Autophagy pathology in the AD brain is extensive

Abnormalities of lysosomal system function in the AD brain range from the earliest known disease-specific pathology in the disease, which involves the endocytic pathway (Nixon and Cataldo, 2006), to the most abundant pathology in the AD brain involving the autophagic pathway, which is the main focus of this review. The autophagy pathology of AD, including accumulated AVs of all types and the numbers of dystrophic neurites containing these AVs, is uniquely extensive when compared to that in other aging-related neurodegenerative diseases (Nixon and Cataldo, 2006; Nixon et al., 2005). The near complete replacement of normal cytoplasmic contents by AVs in dystrophic neurites and the increased frequency of AVs in less extensively affected neurites (Figure 3), together with the uniquely high number of dystrophic neurites in senile plaques and elsewhere throughout the AD brain, represents an enormous “burden” of undigested or partially digested proteins.

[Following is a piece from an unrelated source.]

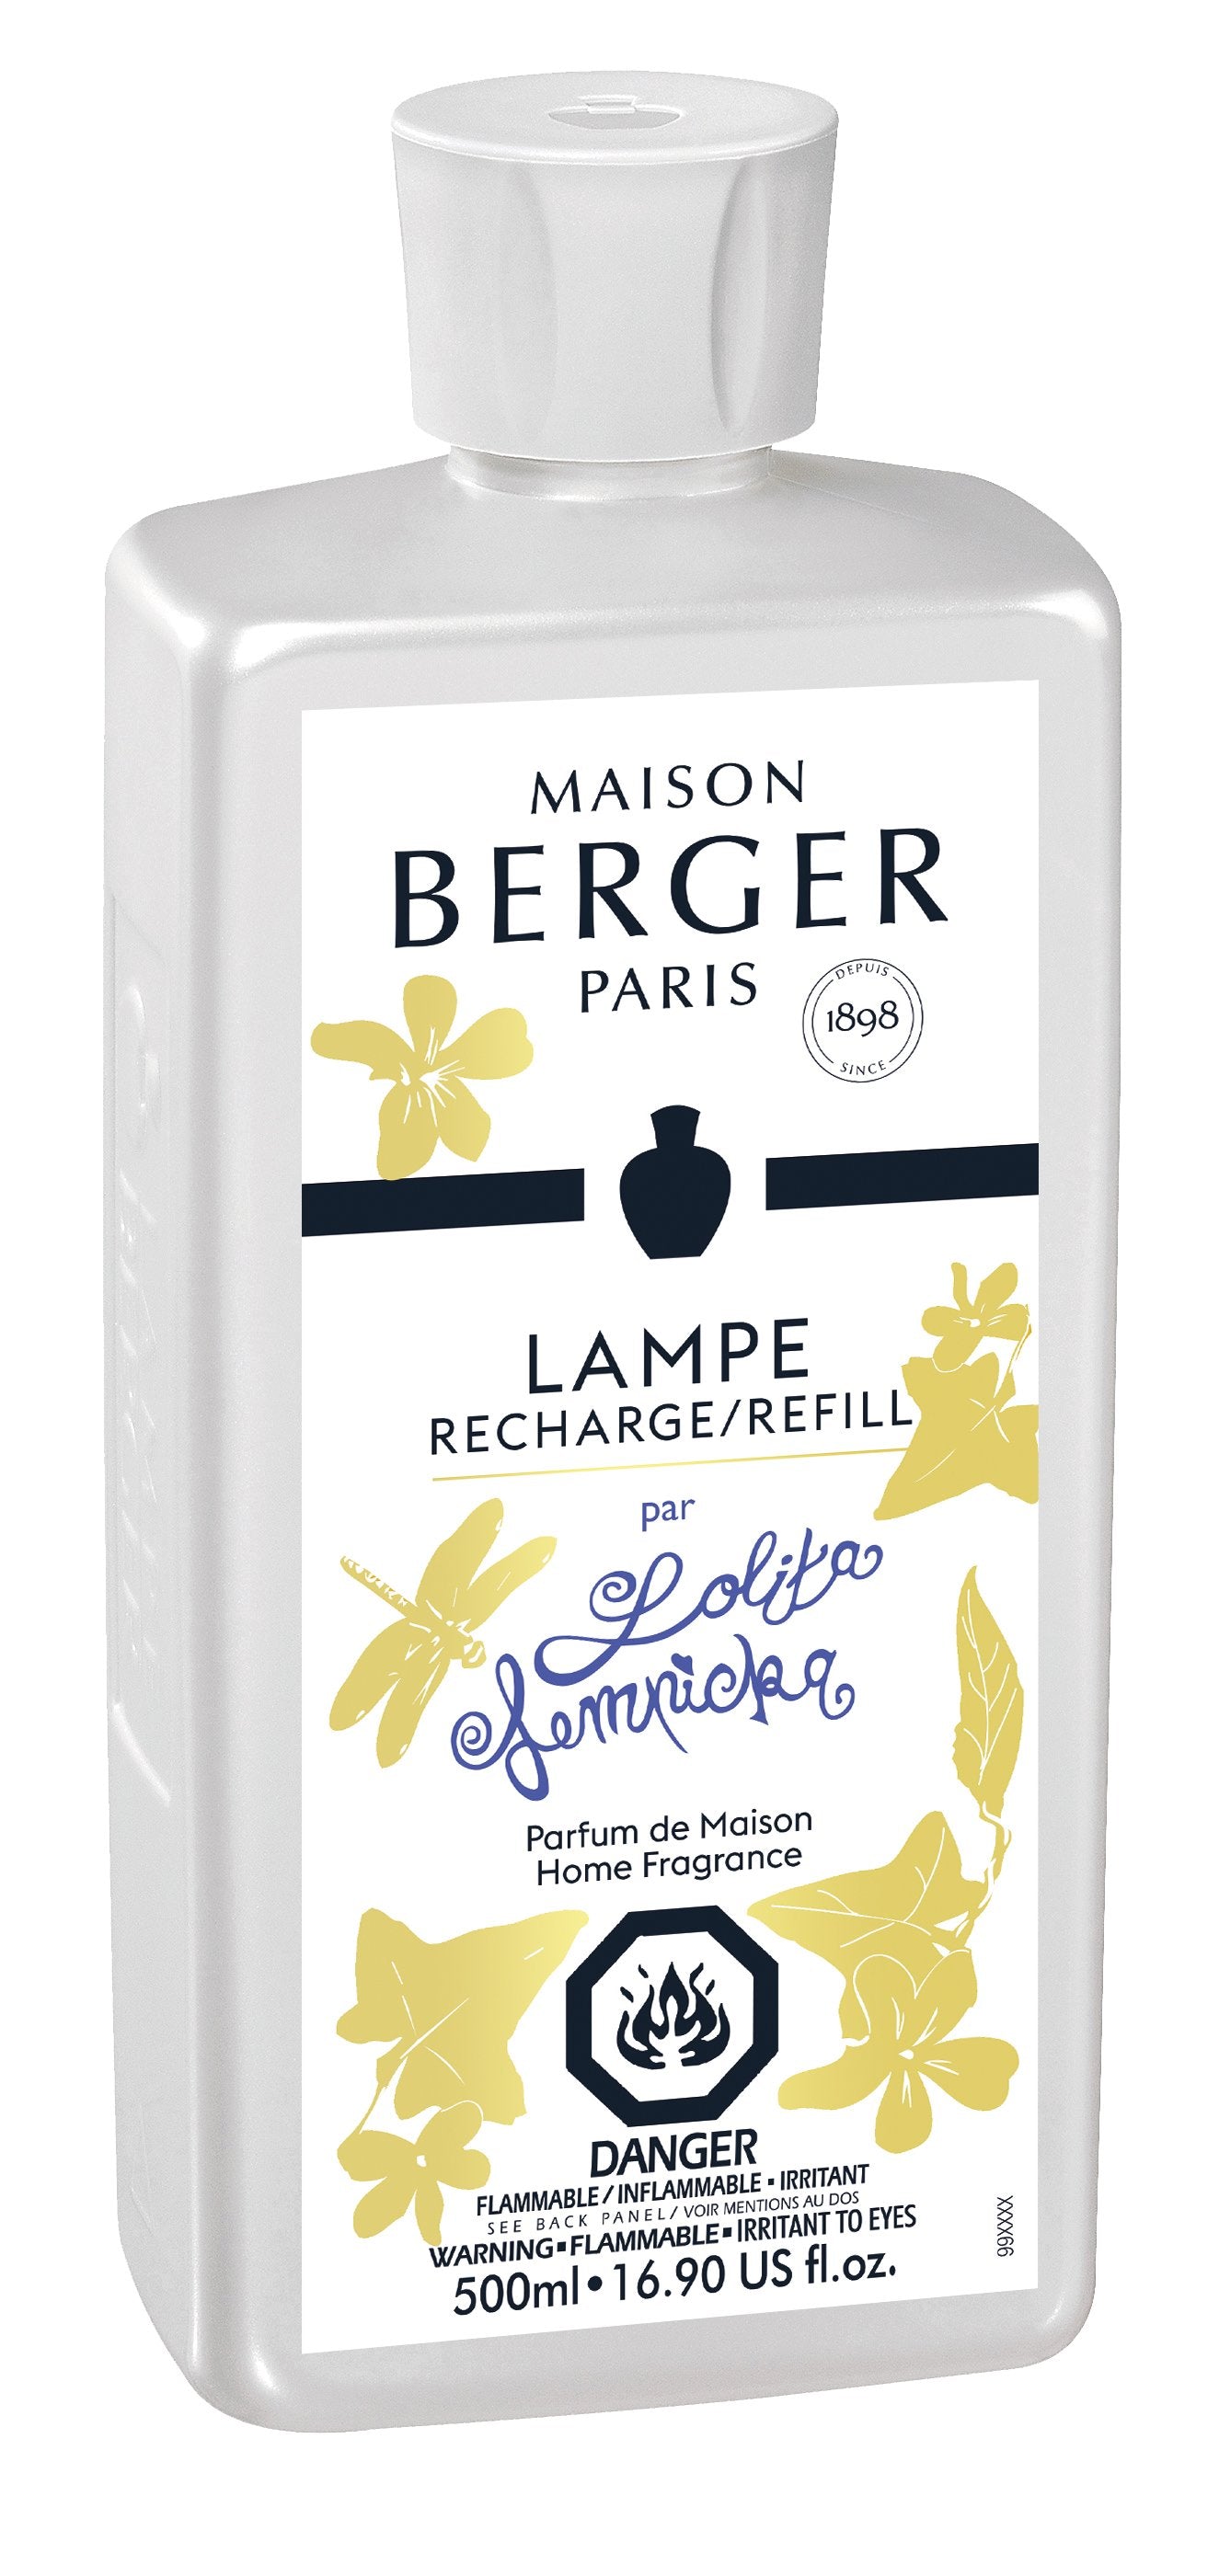 Maison Berger Paris MAISON BERGER LAMP REFILL EXQUISITE SPARKLE 500 ml

This burden of waste proteins is comparable to that seen in certain primary lysosome storage disorders (LSDs), which are associated with severe neurodegeneration in early life (Nixon et al., 2008). Interestingly, neurofibrillary tangles and increased amyloidogenic processing of amyloid precursor protein (APP) as well as neuritic dystrophy, have been identified in certain primary LSDs as well as AD and potentially represent clues about common pathogenic mechanisms (see below). Autophagy-related pathology, including lesser degrees of AV “storage” in neurons, has also been increasingly recognized in other late-onset neurodegenerative diseases (Anglade et al., 1997; Liberski et al., 1995; Rudnicki et al., 2008; Yue et al., 2002; Zhou et al., 1998), although the severity and extent of the neuritic dystrophy in AD (Figure 3) (Masliah et al., 1993; Nixon et al., 2005; Schmidt et al., 1994; Suzuki and Terry, 1967) distinguishes it from these other aging-related neurodegenerative diseases (Benzing et al., 1993).

Figure 3.

Figure 3

Open in a new tab

The “burden” of AVs containing incompletely digested proteins stored in dystrophic neurites of the AD brain is great. At the light microscopic levels, CatD immunostaining in the AD brain (B) but not in the control brain (A) reveals a high density of senile plaques (B, arrows) each containing dozens of dystrophic neurites visible after histochemical staining for acid phosphatase (C, arrows) or by CatD immunocytochemistry (D). (E) Ultrastructural analysis of dystrophic neurites (circled by arrowheads) demonstrates that dystrophic neurites predominantly contain hundreds of AVs of distinct subtypes but the majority have double membranes with electron dense lumens, most consistent with autolysosomes and amphisomes in which proteolysis of substrates, including inner membrane, has stalled. Given the number of dystrophic neurites in the AD brain, the amount of “stored” wasted proteins is enormous, rivaling that in certain primary lysosomal storage disorders.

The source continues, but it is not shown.